What I've tried (all from a live-usb):
1. `gpart bootcode -p /boot/boot1.efi -i 1 ada0`
2. `gpart bootcode -p /boot/boot1.efifat -i 1 ada0`
3. `gpart bootcode -p /boot/gptbootzfs -i 1 ada0`
4. `gpart bootcode -b /boot/pmbr -p /boot/gptbootzfs -i 1 ada0`
There was no change with any of them except 2.; with boot1.efifat my motherboard at least detects ada0 as having a UEFI bootloader, but still gives the same error message.

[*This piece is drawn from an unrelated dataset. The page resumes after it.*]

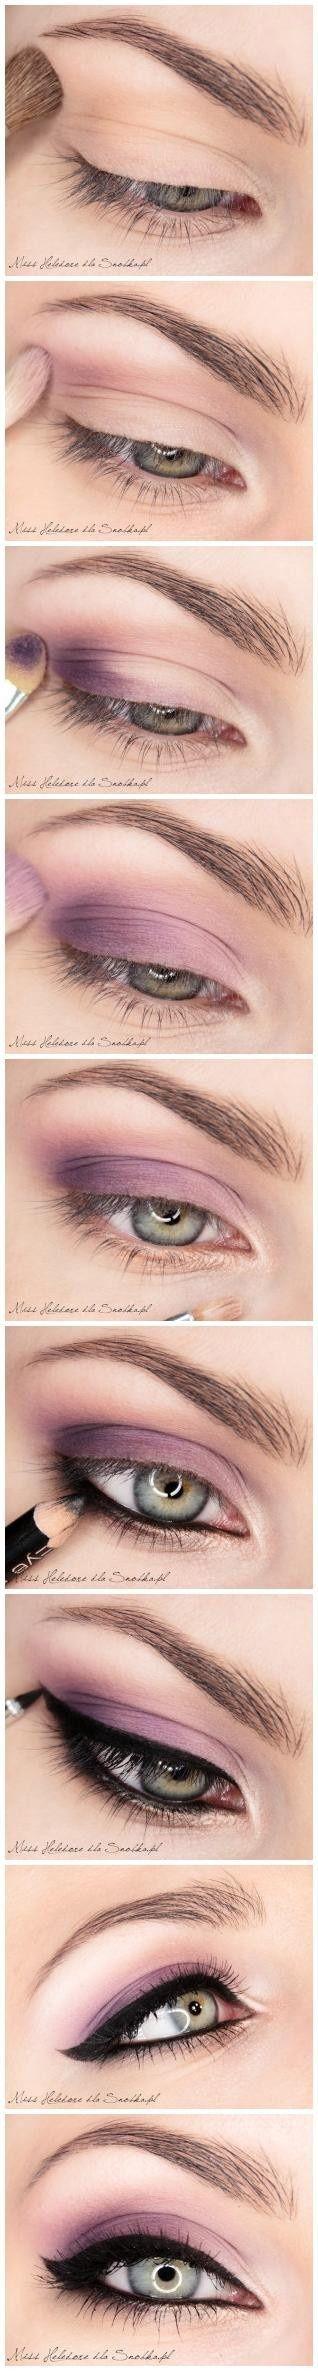 Homecoming Makeup For Hazel Eyes Pics Download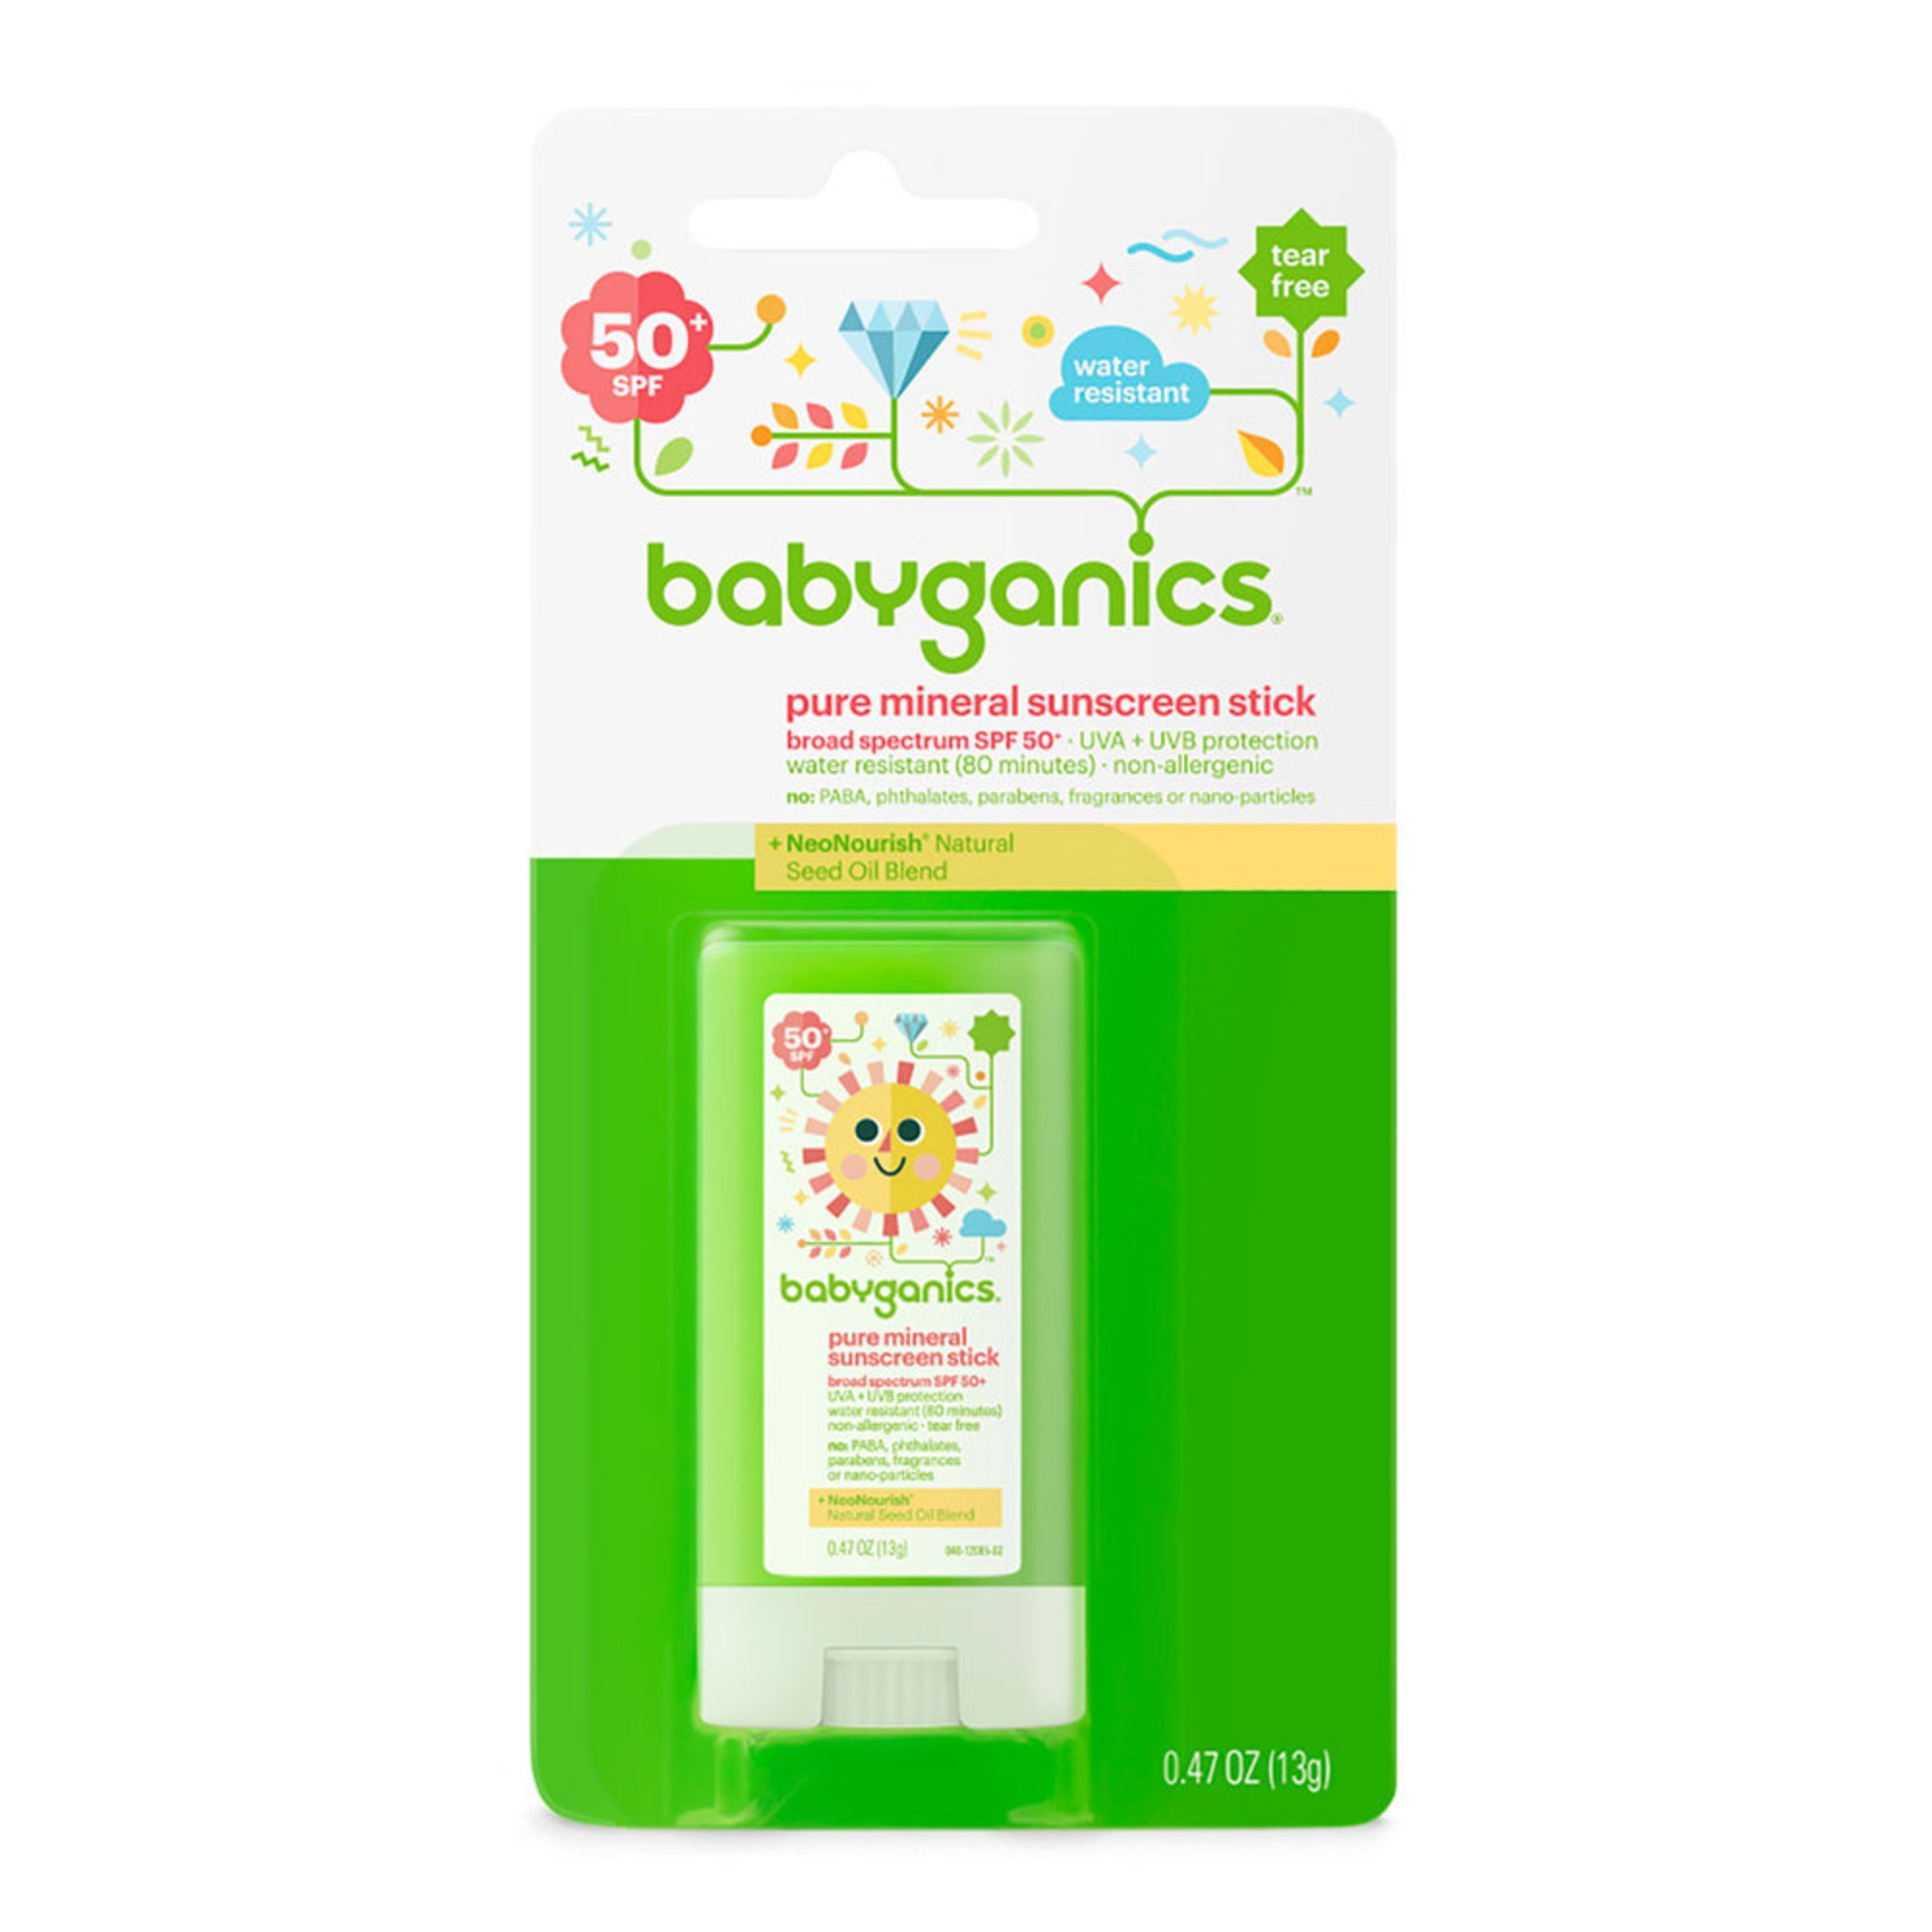 Babyganics Pure Mineral Sunscreen Stick 50 Spf Sunscreen

I've been trying to figure out what `bsdinstall` actually does but no luck so far. I only have a basic grasp of the boot procedure, and this is really my first *nix system on UEFI.
Would very much appreciate some help with figuring this out.


----------



## zirias@ (Mar 23, 2021)

```
newfs_msdos /dev/ada0p1
mount -t msdosfs /dev/ada0p1 /boot/efi
mkdir -p /boot/efi/efi/boot
cp /boot/loader.efi /boot/efi/efi/boot/BOOTx64.efi
umount /boot/efi
```

Notes:

You destroyed your efi partition by overwriting it with boot code (gptzfsboot) for "legacy" boot (might be a feature request for gpart(8): Refuse writing partition bootcode to any partition with a different type than `freebsd-boot`…)
the file name BOOTx64.efi is for amd64, if this doesn't match for you, see uefi(8)
boot1.efifat is an IMAGE of an efi partition containing boot1.efi as the efi bootloader, so writing it with `gpart bootcode` is _technically_ correct for UEFI boot, but it's deprecated (already removed in FreeBSD 13) and lacks support for a few things like e.g. encrypted root. The correct way is, as seen above, to write loader.efi inside your efi partition.


----------



## eternal_noob (Mar 23, 2021)

Ethna said:


> I'm using freebsd 12.1 (or maybe 12.2, not exactly sure - can figure out if it is important).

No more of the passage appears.